In February, Houston lawyer John Mastriani went to see an ophthalmologist after noticing a problem with his vision. The physician told Mastriani he’d suffered a detached retina and needed surgery as soon as possible.
Dr. Keith Bourgeois could do the operation, he said, but a company representative from Mastriani’s new Aetna insurance plan initially said the doctor wasn’t covered, even though his name was listed as in-network. Then, hours later, a different rep said he was.
The next morning, as Bourgeois prepared for surgery, he heard again from Aetna: Now they were saying he, in fact, wasn’t covered. By then it was too late; Bourgeois needed to operate right away to save Mastriani’s vision.
Within a few weeks, the bill came: Mastriani owed more than $5,000.
“This is how bad it is,” Bourgeois said. “It’s become so complicated, the insurance companies don’t even know their own coverage. That happens to us about once a week.”

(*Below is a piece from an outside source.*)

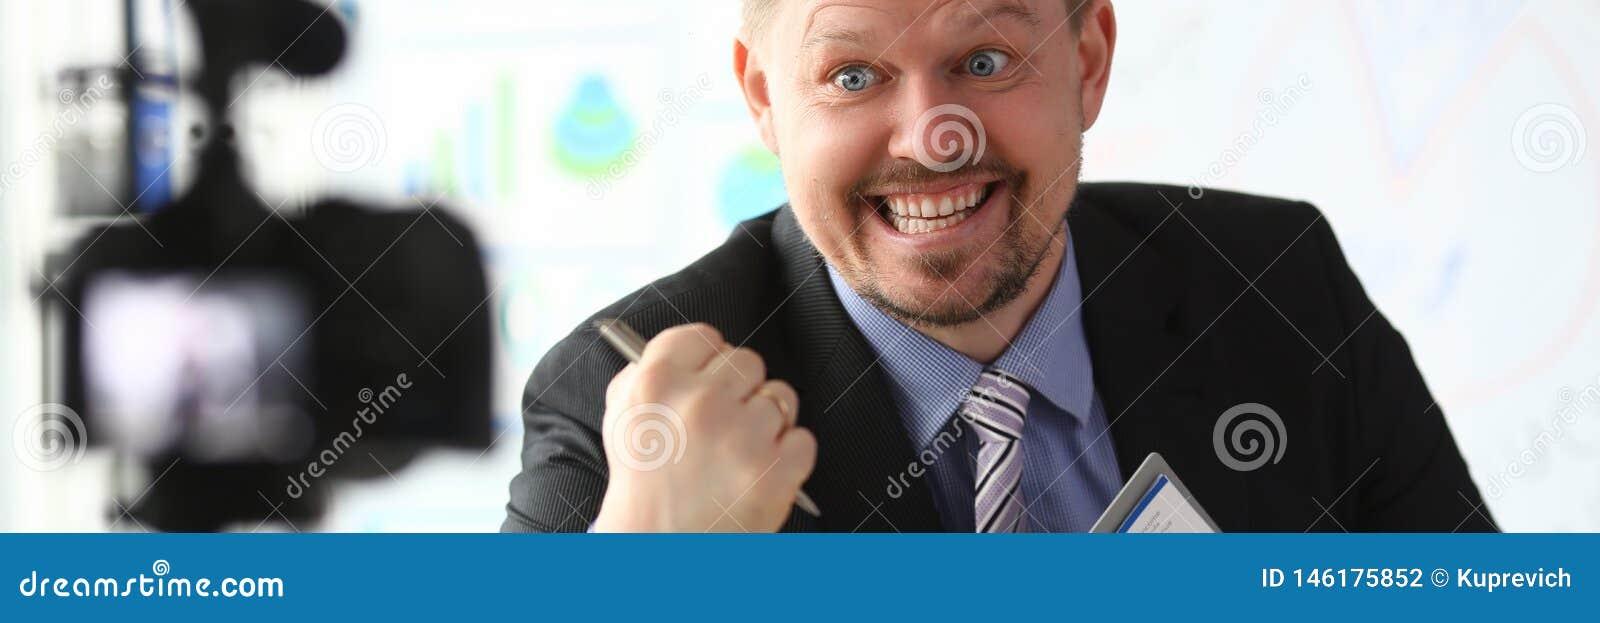 Strato online di blogger dell uomo d affari che grida

It’s not just happening at his office. According to a recent report by the Texas Medical Association, which represents physicians, more and more patients are getting slapped with surprise medical bills each year in Texas and across the country. The group blames ever-growing deductibles and the rapid narrowing of insurance networks — the practice of covering only select doctors at certain hospitals — for the surge in billing surprises.
Worse in emergency rooms
In a recent survey of Texas physicians, 61 percent said they had found their name listed as in-network on insurance plans that no longer covered them; 56 percent said they found instances where they were not listed in a plan but should have been, according to the report.
“So even when patients do their due diligence, there’s still a chance that I’m not in that network anymore,” said Bourgeois, a Texas Medical Association board member.
The problem is especially pronounced at emergency rooms, according to research published last month in the New England Journal of Medicine. The study found that, nationally, one out of every five patients who went to a hospital covered by their plan received at least one bill from a doctor who wasn’t covered. On average, those patients had to shell out an extra $900; some paid thousands more.
There are no federal protections against such practices, the researchers wrote, and state regulators don’t do enough. The national study singled out McAllen, the Texas border town, as the worst in the country.
There, an astonishing 9 out of 10 emergency room visits resulted in surprise medical bills for patients who thought they were covered.
People assume that if a hospital is covered by their plan, the same will be true of any doctors they see there. But take Humana Health Plan of Texas for example: In about half of the Texas hospitals covered by the plan, the insurer has no contracts with emergency department physicians, the medical association report found. At those emergency facilities, Humana card holders are guaranteed to pay extra.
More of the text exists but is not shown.